Using this console window, navigate to the directory for the RAxML activity:
Make sure that RAxML is installed:
(if you see ‘/usr/local/bin/raxml’, things are looking good)
Next, have a look at the impressive help text of RAxML:
Scroll back up to the beginning of the RAxML help text. Close to the top, you’ll see that raxml could be started as easily as
raxmlHPC -s sequenceFileName -n outputFileName -m substitutionModel
where ‘sequenceFileName’ and ‘outputFileName’ would have to be replaced with the actual sequence and output file names, and a substitution model would have to be chosen to replace ‘substitutionModel’ (note that for our installation, we start the program with ‘raxml’, not ‘raxmlHPC’, only because we named it that way). As RAxML is designed for large datasets, the choice of substitution models for nucleotide sequences is limited to rather parameter-rich models of the GTR family, such as GTR+Gamma, GTR+Gamma+I, GTRCAT, and GTRCAT+I. Of these, the latter two are similar to GTRGAMMA, but are computationally a lot faster (in case you want to read up on it later, Paul Lewis has posted a few slides to explain the benefits of the GTRCAT model here). The author of RAxML, Alexis Stamatakis, strongly and convincingly argues against the use of the proportion of invariable sites (the +I) in the manual of RAxML 7.04 (on page 20), so we’ll focus only on the GTRCAT model in this exercise (that said, if you browse through the RAxML help text, you may notice the newly implemented ASC_GTRCAT and ASC_GTRGAMMA models which correct for ascertainment bias in SNP data, and could prove very useful, but will not be covered here).

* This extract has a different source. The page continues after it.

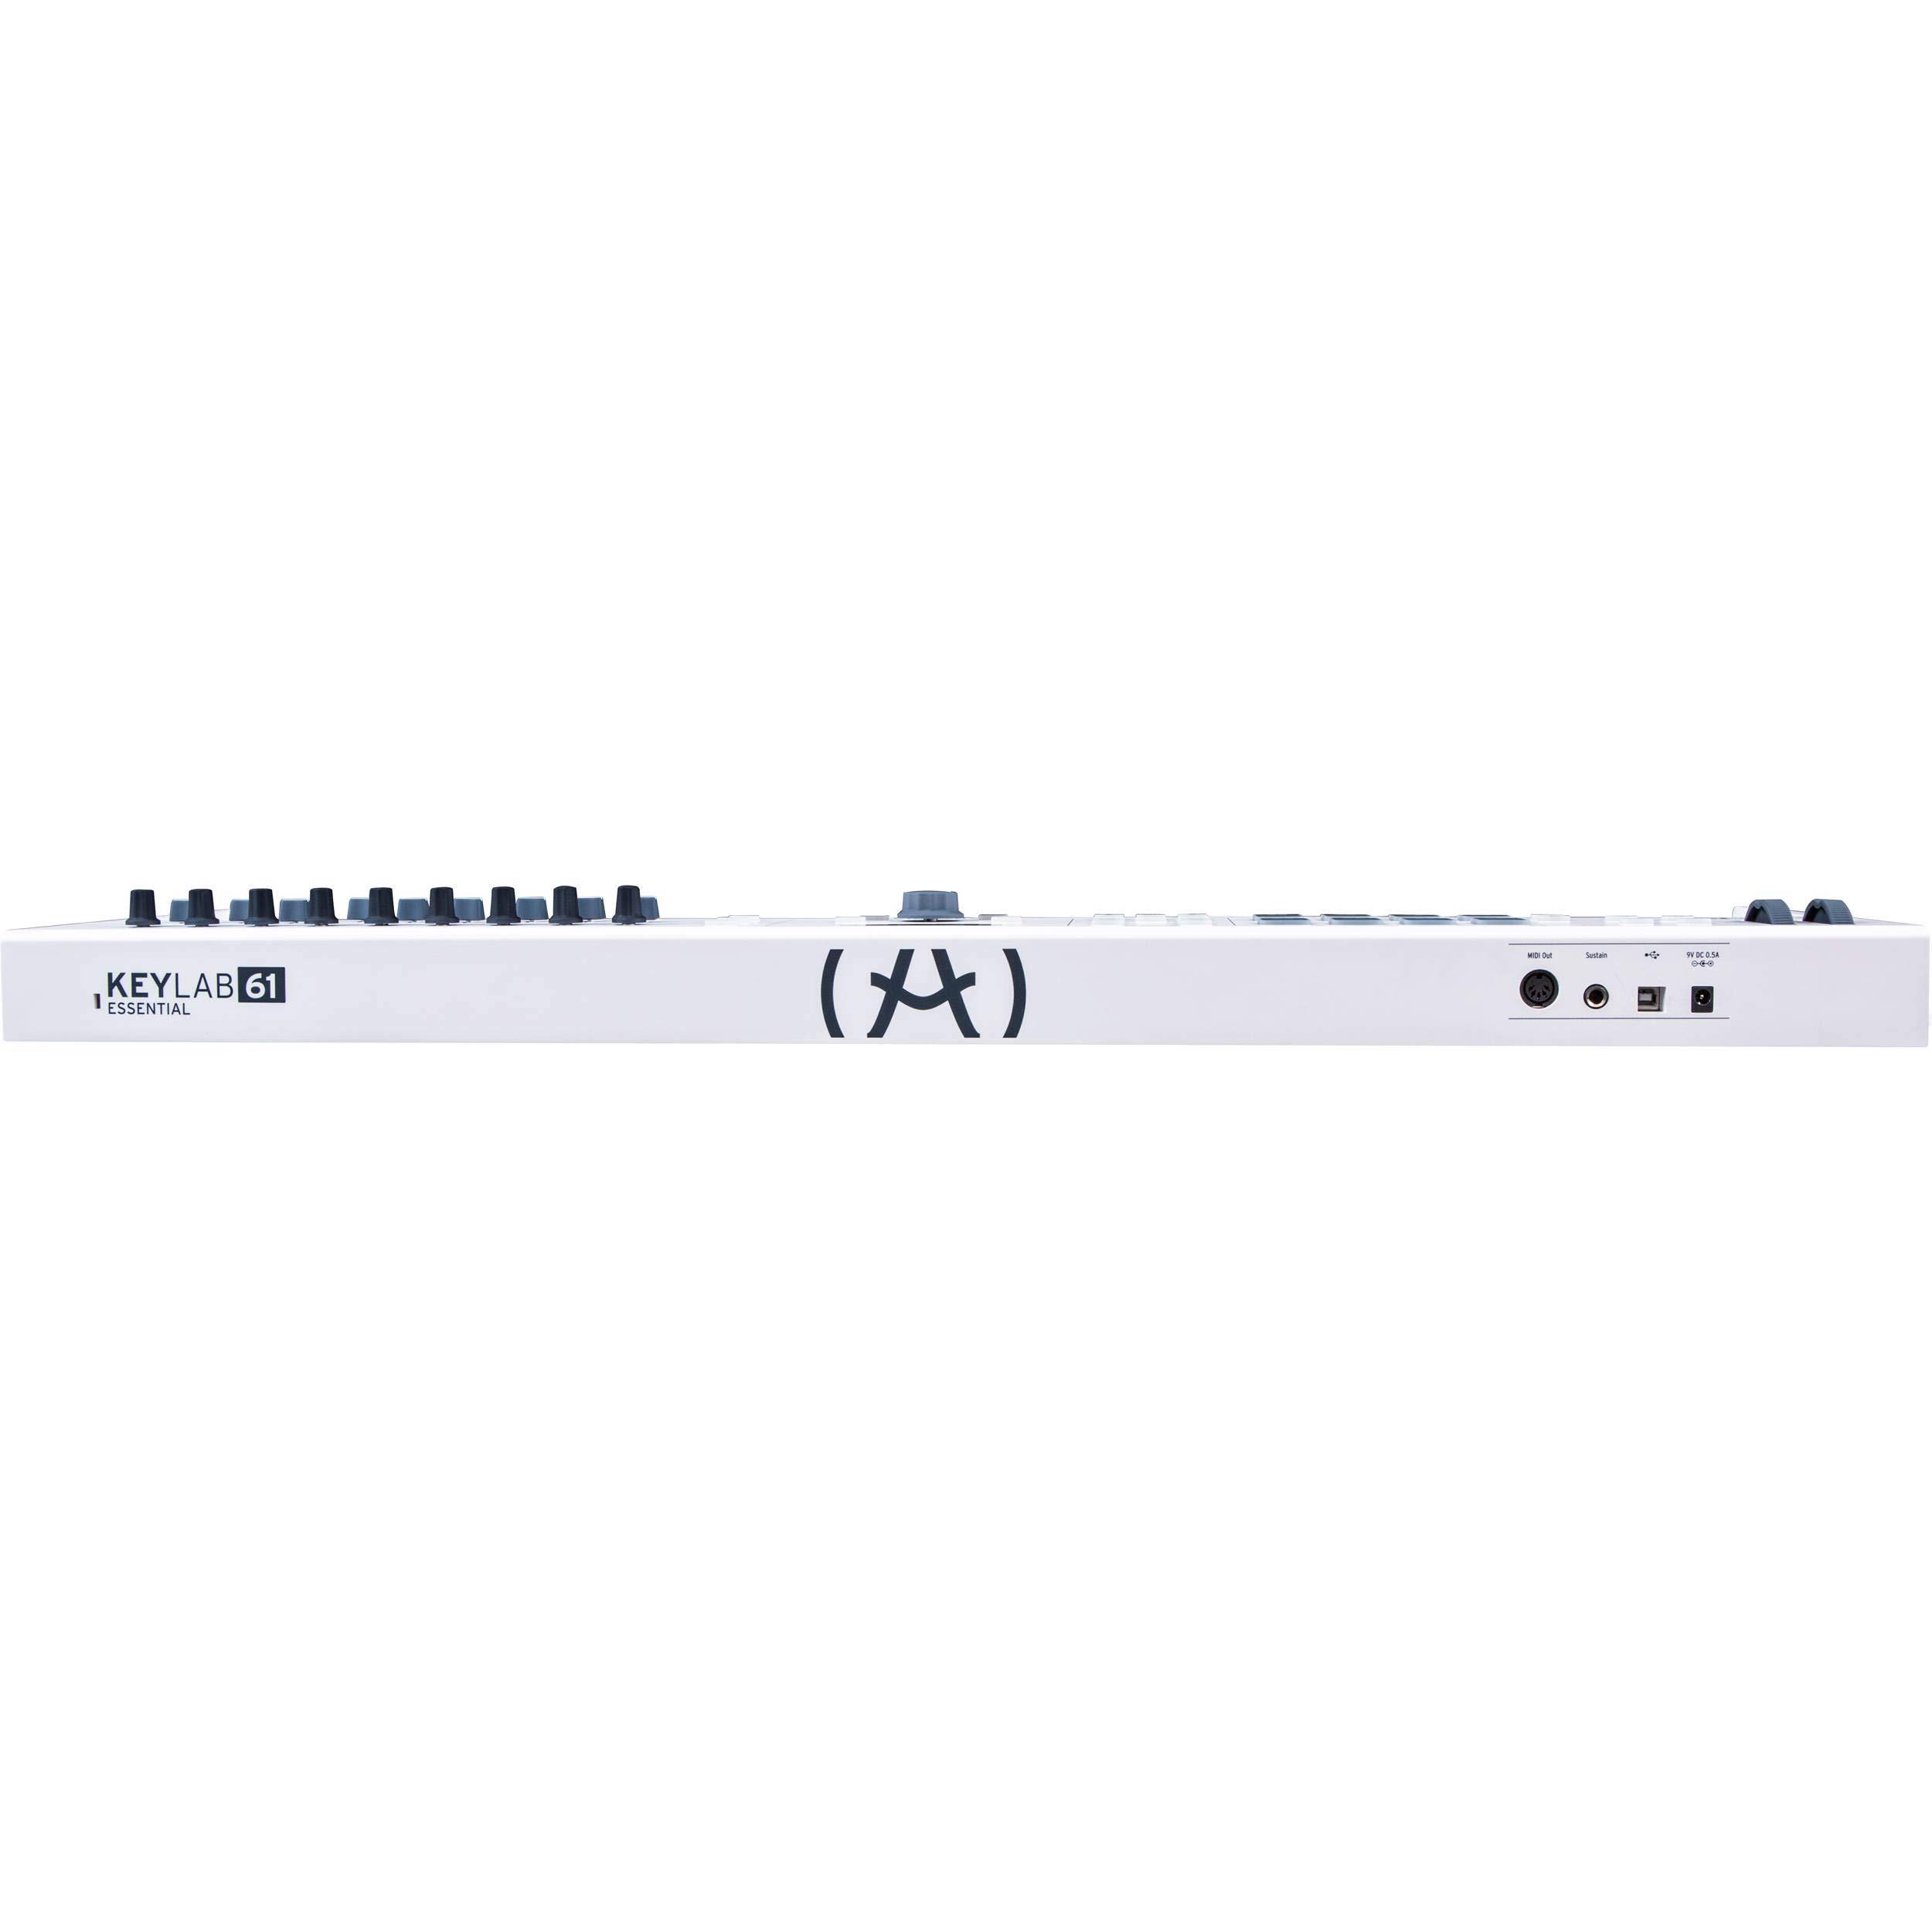 Arturia KeyLab 61 Essential | 61 Key MIDI Controller Keyboard by Arturia (Image #2)

The RAxML help text shows that a large number of algorithms are implemented in RAxML, which you can choose with the the ‘-f’ option. If ‘-f’ is not specified, the ‘new rapid hill-climbing’ algorithm will be used. This is fine if you don’t need bootstrap support values, however we would like to have these, so we choose ‘-f a’ to run a search for the ML tree and a rapid bootstrap analysis in one run.
Exercise 1: Produce an ML phylogeny of 16s
So, let’s try to run a ML search with bootstaps for the 16s sequence data, using the alignment that was filtered with BMGE, the file called 16s_filtered.phy.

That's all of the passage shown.